Dec

1 2019

Diamonds, Jews, and 19th Century Transatlantic Trade

10:00AM - 11:00AM  

Jewish Studies Center

Contact Mark Swick
swickmn@cofc.edu

Description:After the discovery of diamond deposits in South-Africa in 1869, the extraction, manufacturing, and consumption of diamonds intensified spectacularly. The combination of booming supplies, growing demand, and technological innovations produced revolutionary changes in the diamond industry. Kimberley, London, Amsterdam, and New York became crucial nodes in the global network of extraction, distribution, and trade. Jews played a crucial role in every segment of the commodity chain, from the moment of extracting rough stones from South African soil to distribution across the Atlantic, manufacturing in factories, and retailing to metropolitan markets. They were not – as often described in histories of Jewish economic activity – intermediaries operating at the margins of innovation and commercial activity. Rather, they served as central agents of early globalization. Jews were pioneers involved in the global exchange of a luxury commodity, connecting African sites of supply, European manufacturing centers, and western consumers.

Saskia Coenen Snyder (Ph.D. University of Michigan, 2008) is Associate Professor of Modern Jewish History and the Associate Director of the Walker Institute of International and Area Studies at the University of South Carolina, Columbia.
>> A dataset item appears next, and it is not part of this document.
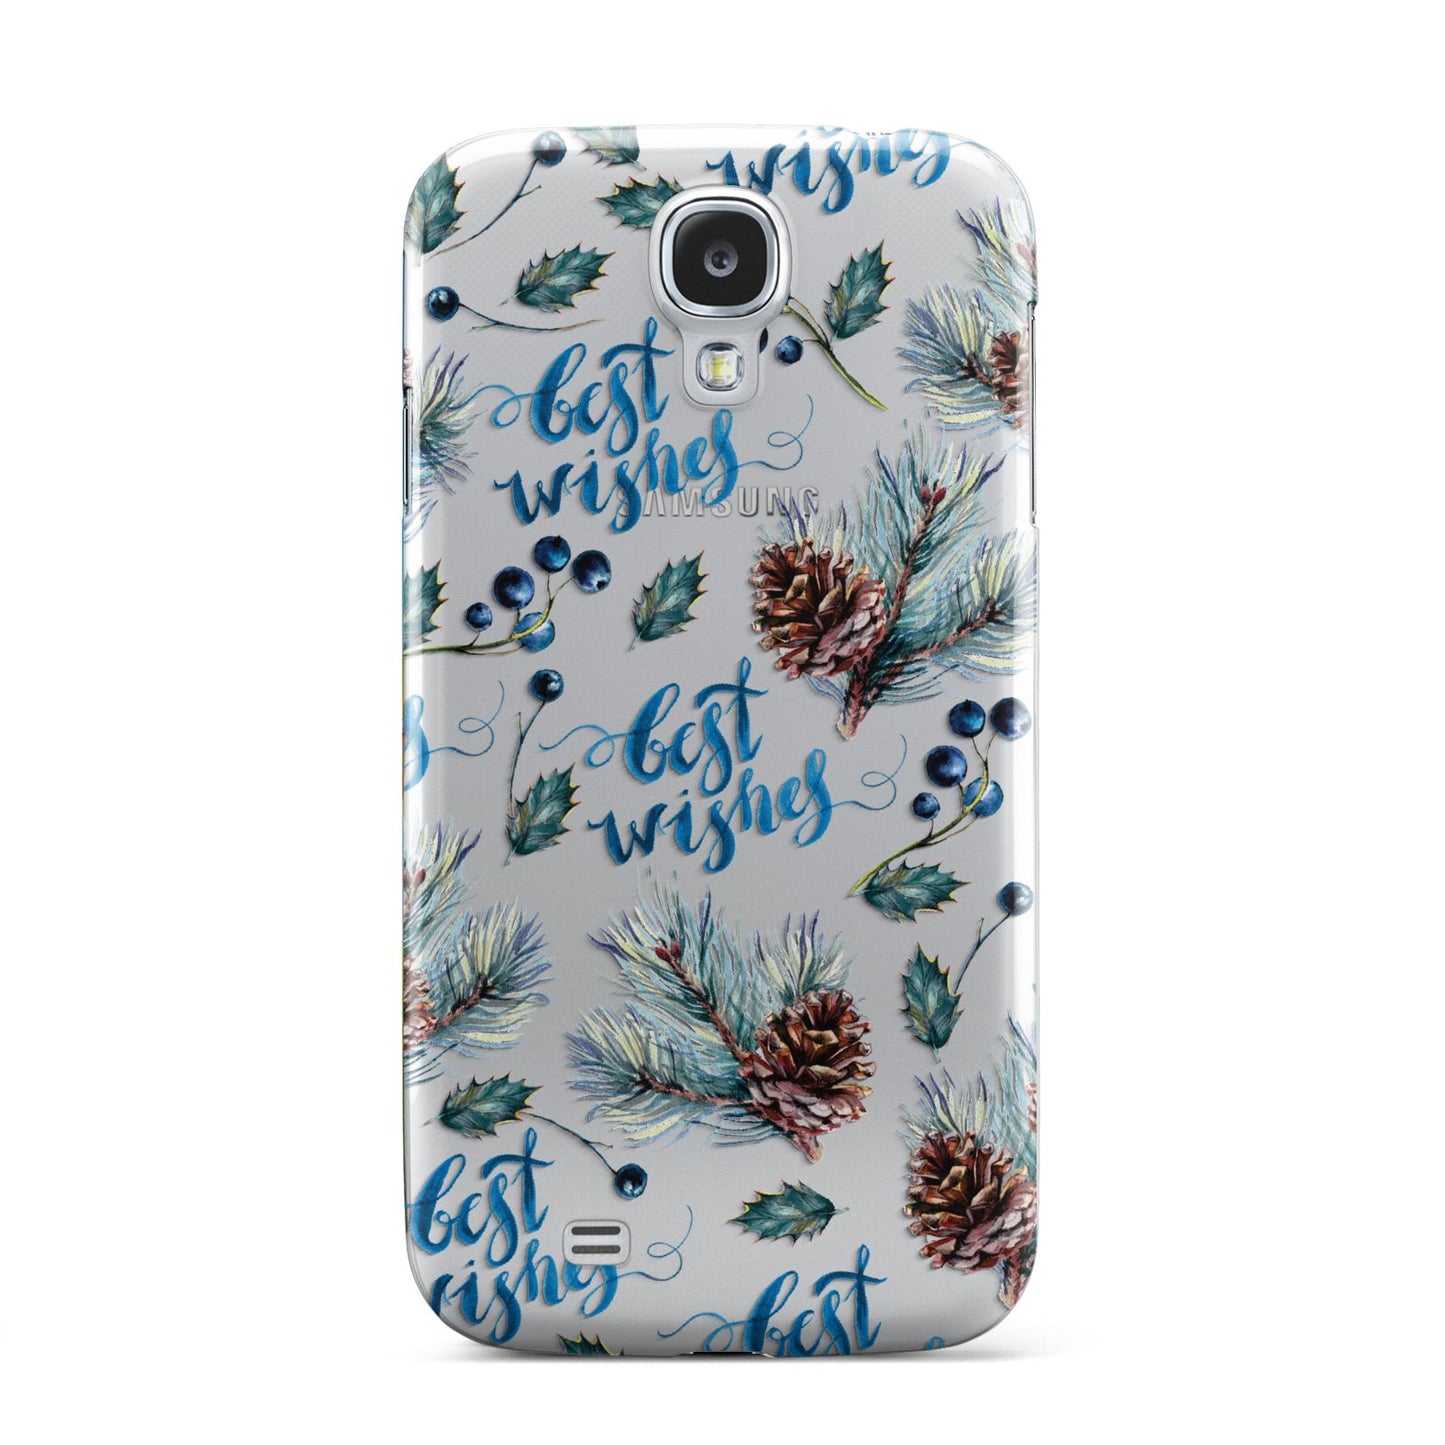 Pine cones wild berries Samsung Galaxy S4 Case

She is the author of Building a Public Judaism: Synagogues and Jewish Identity in Nineteenth-Century Europe, published by Harvard University Press in 2013. Her second book, tentatively titled Diasporic Gems: Diamonds, Jews, and Nineteenth-Century Global Commerce examines the role of European, South African, and American Jews in the 19th c. diamond trade. She has been the recipient of numerous fellowships and awards, including an NEH summer grant, the Hadassah-Brandeis Institute Research Award, and the Memorial Foundation for Jewish Culture Research Fellowship. Prof. Coenen Snyder teaches modern Jewish history and Western Civ. courses at the USC, as well as a specialized senior seminars on the Holocaust and the History of Anne Frank. She is a recipient of the Michael Mungo Undergraduate Teaching Award.